Bay Area College Students Speak Out About Experiencing Anti-Asian Racism
SAN FRANCISCO (CBS SF) -- San Francisco State University students are speaking out about their own experiences with anti-Asian racism in light of recent attacks.
English lecturer Maureen Fitzgerald said when she recently asked her students to write about an experience during the pandemic, several students wrote about receiving racial slurs or discrimination.
Freshman Joshua Luna described when two white customers approached him at a San Jose Home Depot where he works, and mocked him.

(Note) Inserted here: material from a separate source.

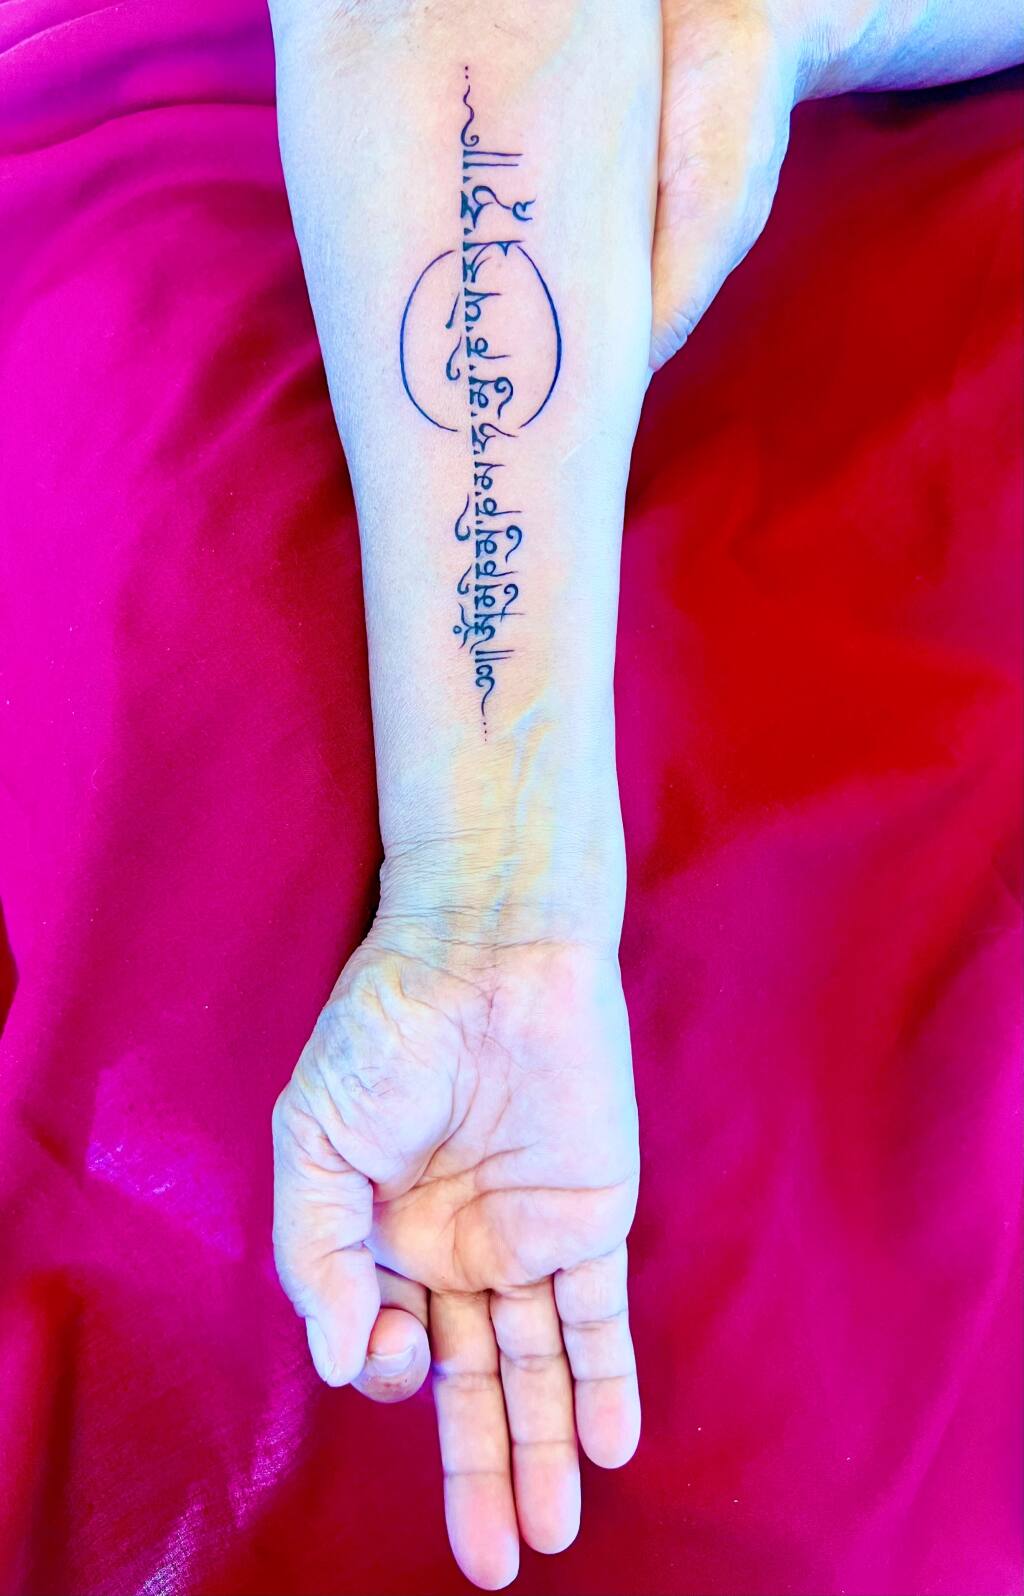 Mantras, tattoos and art: Inside Tibetan Healing Day

"His friend decided to come up to me and speak imitation Chinese to me, and I took offense to that not because I'm not Chinese, I'm Filipino American, and for him to just assume that already to me... at a workplace where I have to remain professional and not cause a scene, it really made me feel hurt," said Luna.

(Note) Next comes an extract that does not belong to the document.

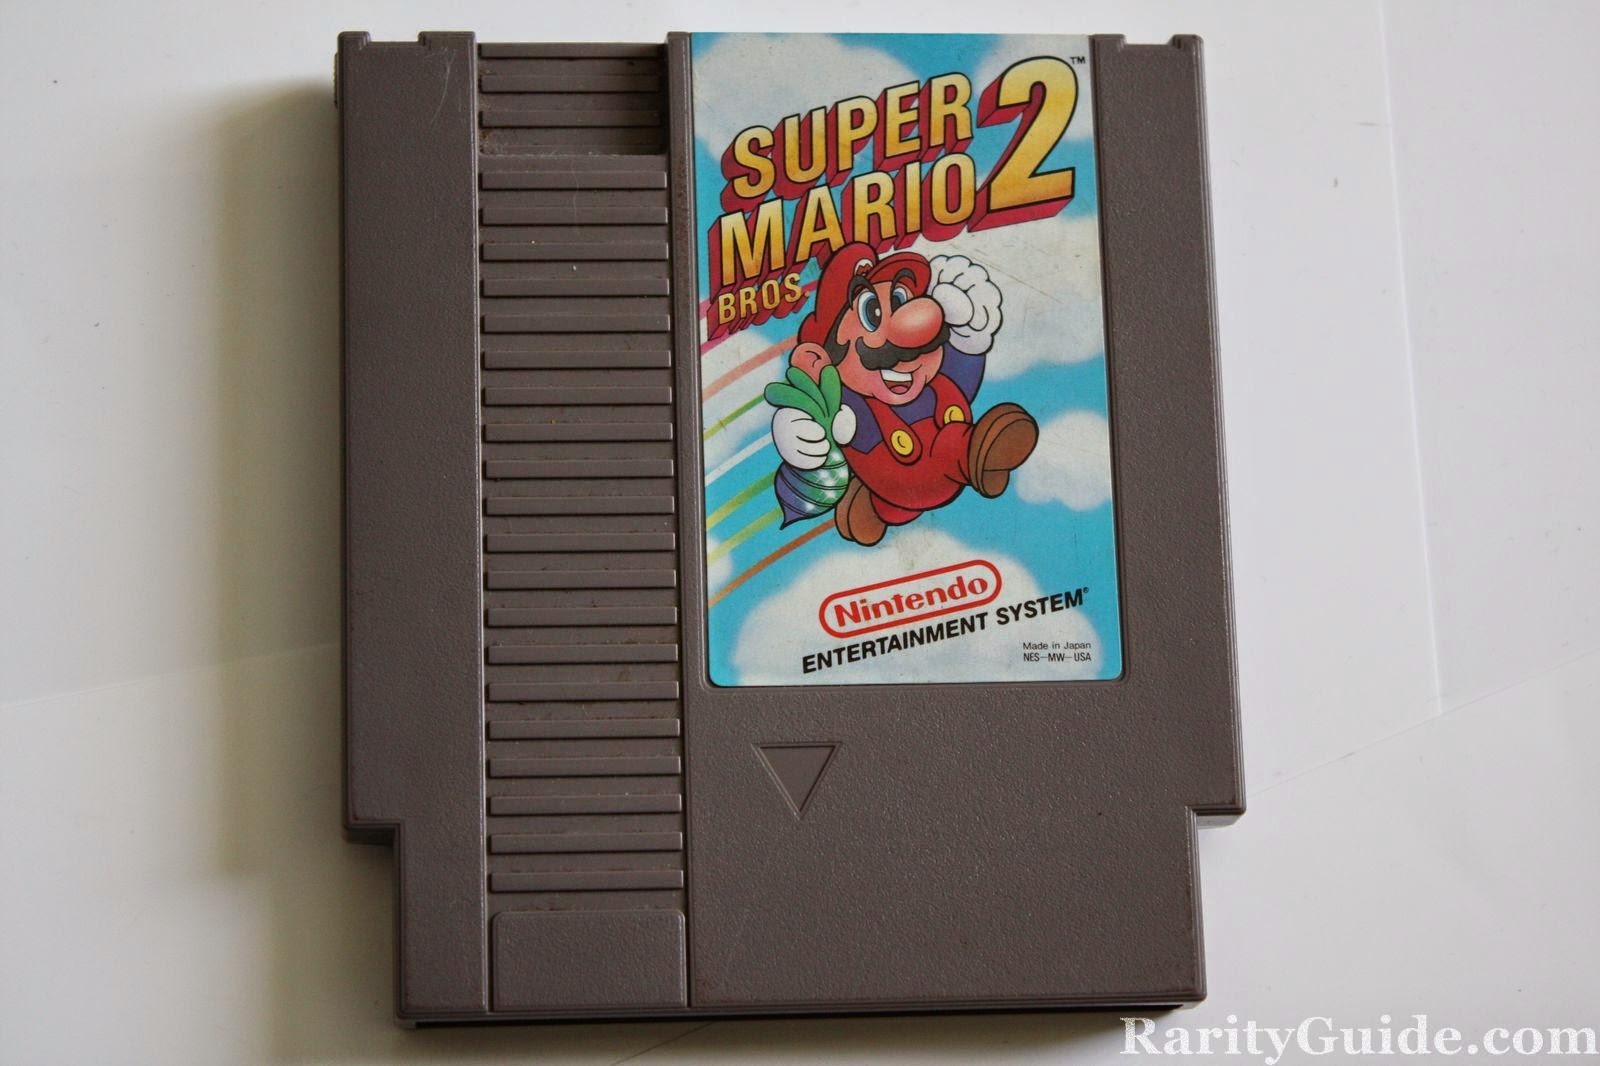 Mario bros snes. Картриджи Nintendo NES. Super Mario Bros 3 NES картридж. Super Mario Bros 1985 картридж. Супер Марио 2 NES.

Freshman Nathan Limpin described an incident at a Starbucks in Milpitas.
"I was literally just talking to my coworker the other day and she was called a bunch of slurs by a customer, because he didn't want to wear a mask, and he was basically blaming her and blaming Asian people for COVID," said Limpin.
Last month, a 91-year-old man was shoved to the ground in Oakland Chinatown. In San Francisco, 84-year-old Vicha Ratanapakdee was knocked to the ground in a fatal, unprovoked attack in January.
They are not the only victims. The Stop AAPI Hate coalition has received more than 3,000 self-reported incidents of hate across the country, since the pandemic began.
"There's been a lot of coverage about elderly Asians being attacked, but it's affecting the young generation too," said SFSU Lecturer Maureen Fitzgerald. "My students are people who care deeply about their families, they're very protective of their parents and grandparents, so I've heard a lot of students stories. 'I'm afraid to let my grandmother go out of the house,' and that's pretty heartbreaking."
Fitzgerald added that she is appalled and angered by the violence. Many of her students are dealing with an unconventional start to their college experience, and are working to help support their families during the pandemic.
"In addition to having to go to college online, they're out there, working these minimum wage jobs, and that they're facing abuse on top of that is really just unacceptable. So I think that as a community we have to stand together," she said.
Fitzgerald's students agree that victims of racism need to call it out.
"I just hope that they understand that they're not alone in this situation. They may think that they're the only ones dealing with this backlash and this anger, but they're not. They have to remember that there's a whole community of us out there," added Luna.